Ensuite, presque rituellement, je m’habille pour sortir. Ça devient un moment important de la journée, cette petite sortie. J’arrive au magasin avant l’ouverture. Sur le court trajet je n’ai rencontré qu’une petite vieille qui promenait son chien. Est-ce qu’elle avait une attestation pour ça ? Sur la vitrine de l’établissement, rien n’indique qu’il n’ouvrira pas, alors j’attends. Un moment après, d’autres clients arrivent. Je suis le seul à ne pas porter de masque. Ils se rangent, sagement, à distance aussi respectueuse que réglementaire, derrière moi. Lorsque le magasin est sur le point d’ouvrir, le responsable nous annonce, de loin, le visage emmitouflé derrière une écharpe saugrenue, que le nombre de clients présents en même temps dans le magasin ne devra pas excéder cinq personnes.

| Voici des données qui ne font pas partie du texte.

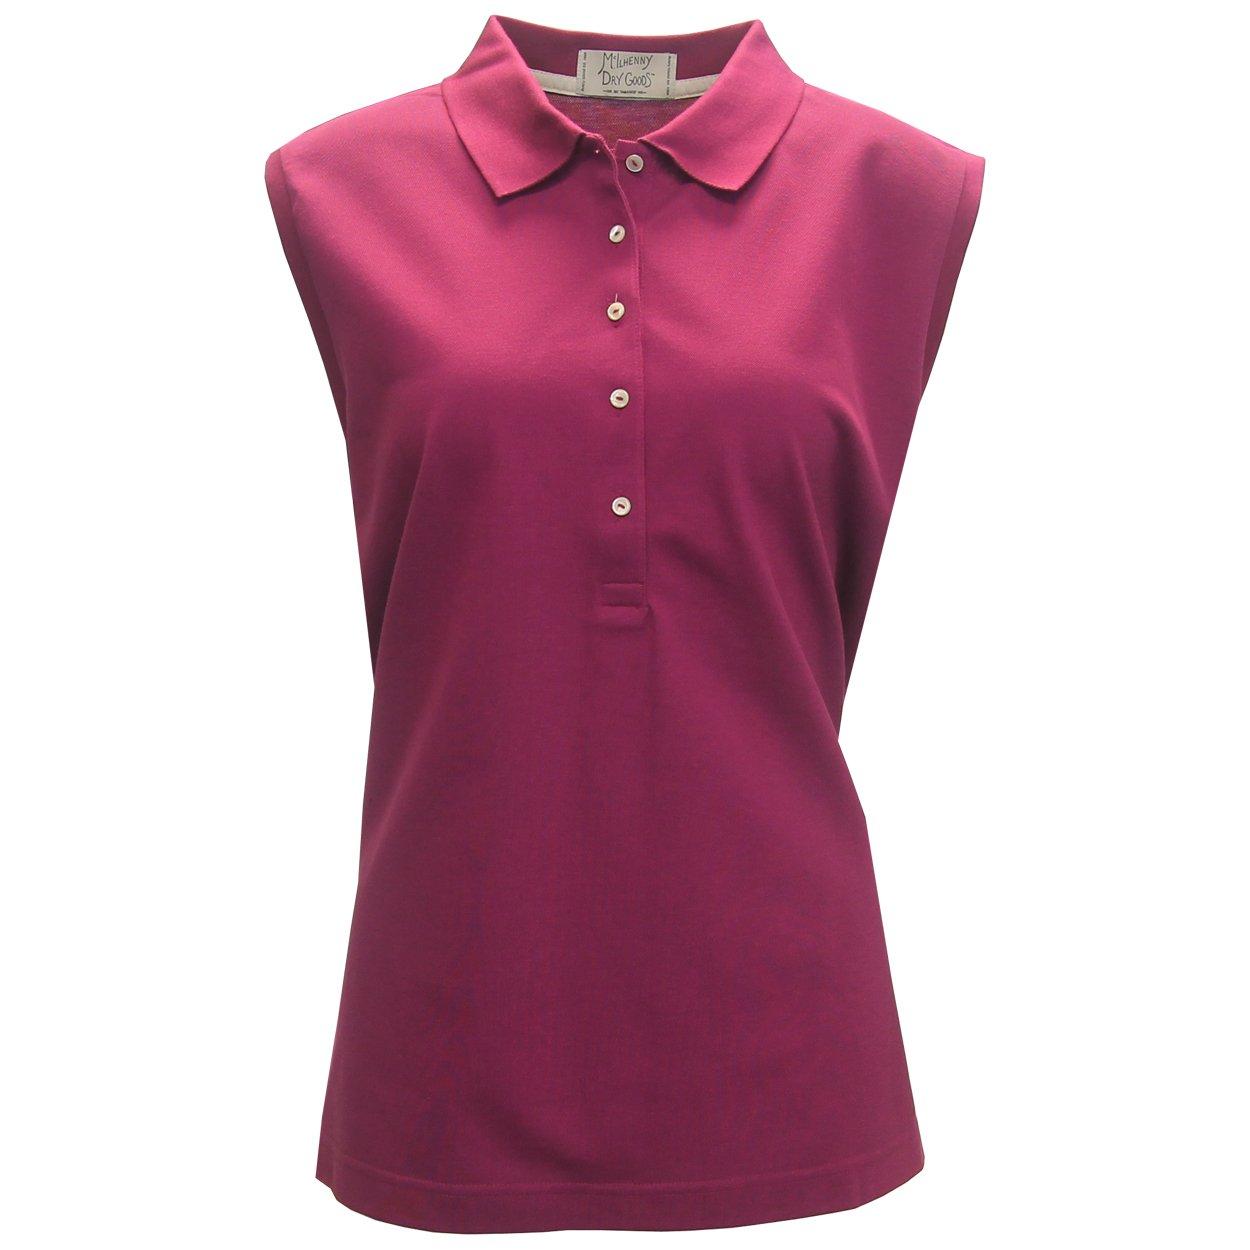 McIlhenny Women's Sleeveless Solid Pique Polo Golf Shirt, X-Large Raspberry

Cette fois, je trouve du pain et plein d’autres choses. C’est Byzance ! La caissière est isolée des clients par un mur de plexiglas érigé sur trois côtés : on dirait le pape dans son véhicule blindé.
En rentrant, sur le rond-point dit « rond-point du sida » à cause de l’étoile hérissée de pointes menaçantes qui trône en son centre, je croise une escouade de flics en gilet pare-balles. Je me demande si ça les protège du virus, car ils n’ont pas de masque, eux…
A midi, on fait presque bombance et, pour fêter ça, je vais à la cave chercher notre dernière bouteille de Chardonnay.
Le soir, j’ai le nez très pris et la gorge qui gratte désagréablement ; ça m’inquiète un peu mais je ne dis rien à Annie. J’ai entendu dire que la moitié des gens déclarent la maladie avant le cinquième jour. On est le 20 mars, c’est le printemps et ça fait quatre jours qu’on est rentrés…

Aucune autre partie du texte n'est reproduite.